How do they work? As well as taking out a mortgage, you have a separate savings account — and sometimes a current account — with the bank that has lent you the mortgage.
Instead of receiving interest, these linked accounts reduce the interest you pay on the mortgage. The account balance is subtracted from the mortgage debt figure, with loan interest only charged on the net difference. For example, if the mortgage is £100,000 and you have savings of £20,000, you only pay loan interest on the £80,000 difference. If you then decide to withdraw £10,000 of savings, you pay mortgage interest on £90,000.
Are they good? In effect, you earn the mortgage rate on the savings you keep with the lender. And because you aren’t actually given this interest, there is no tax to pay.

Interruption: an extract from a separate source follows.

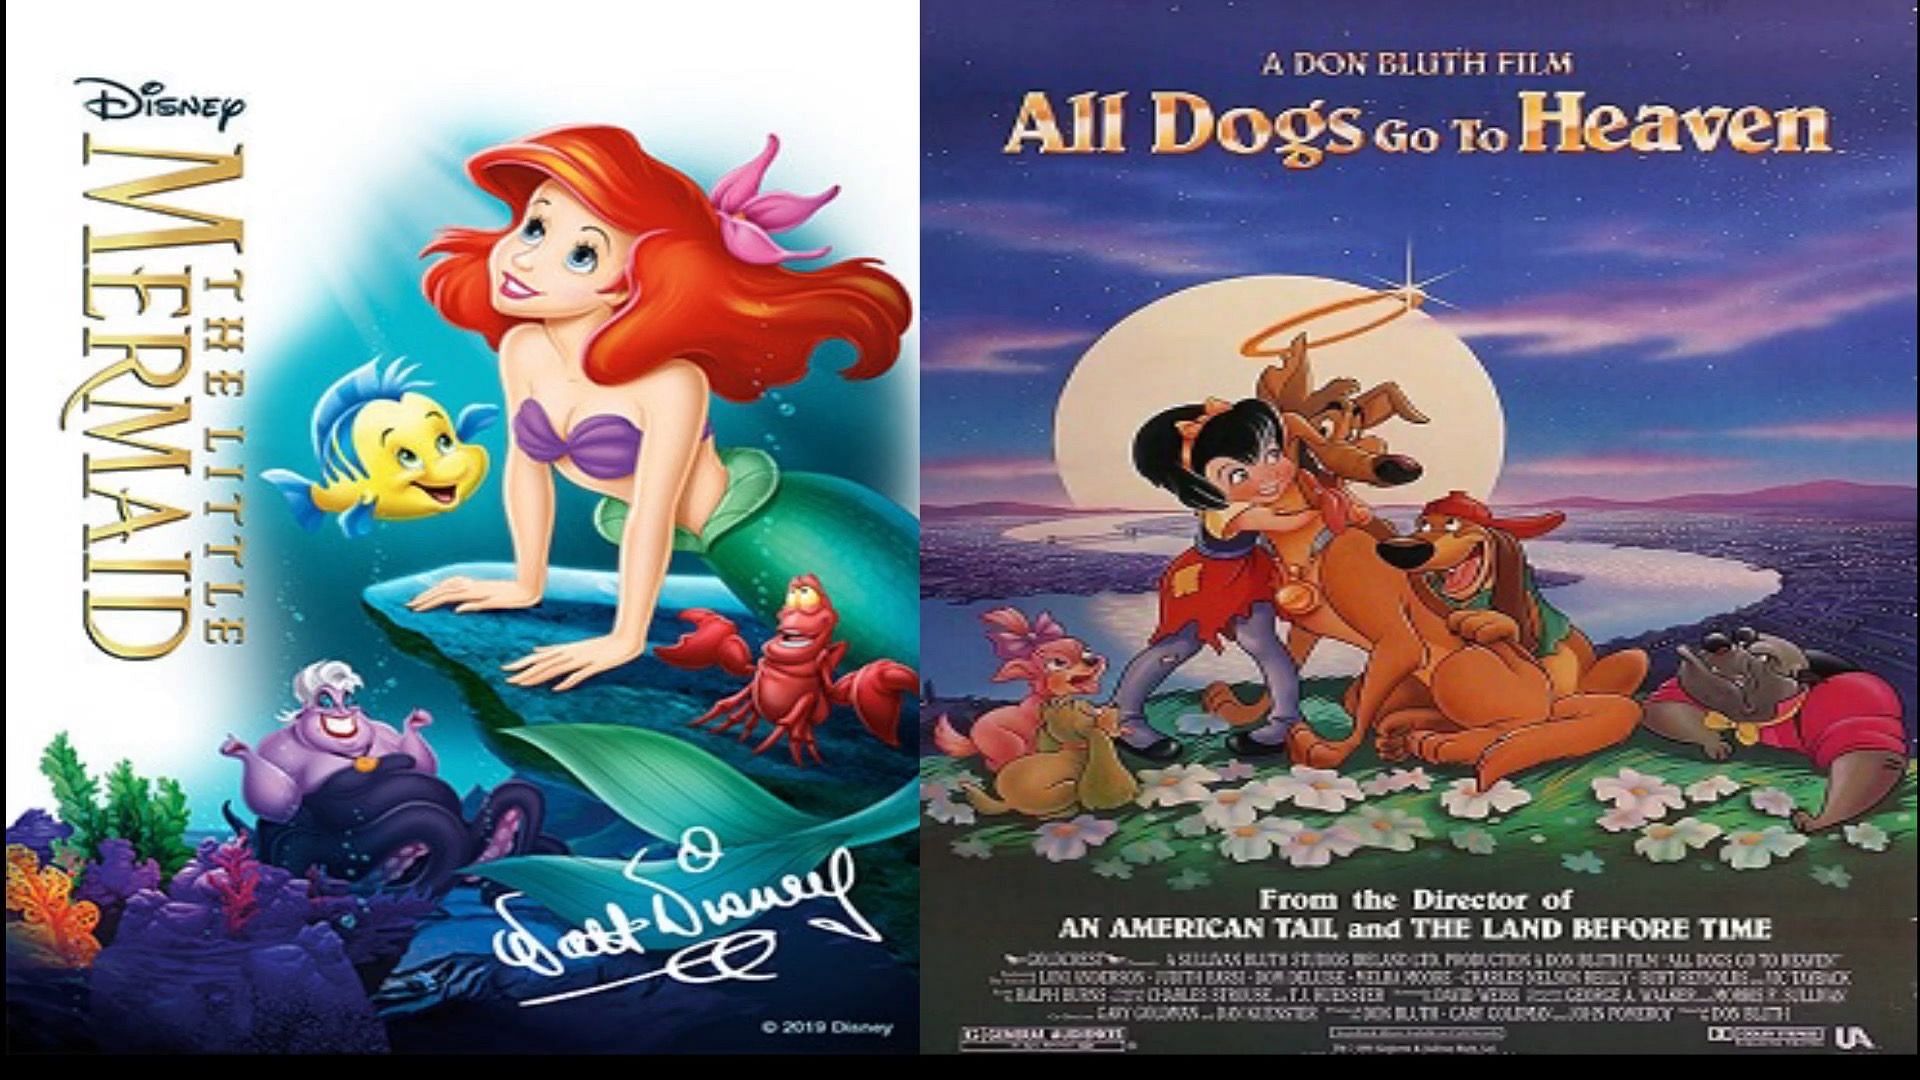 The Little Mermaid and All Dogs Go To Heaven came out in the same year (Image via Disney/Don Bluth)

According to First Direct, a leading provider of offset mortgages, the average homeowner earns 4.6 per cent on savings linked to these mortgages.
However, offset loan rates can be higher than those on conventional mortgages. Offsets therefore make most sense for borrowers with significant savings, particularly for higher-rate taxpayers who would otherwise lose 40 per cent of their interest in taxable accounts. Self-employed people with large amounts of cash sitting in their accounts at various times of the month also stand to benefit.
And current accounts? These use the offset principle as well but put your credit and debit balances in one pot, rather than keeping them separate. This means you are constantly in the red, and some experts think traditional offsets are easier to manage.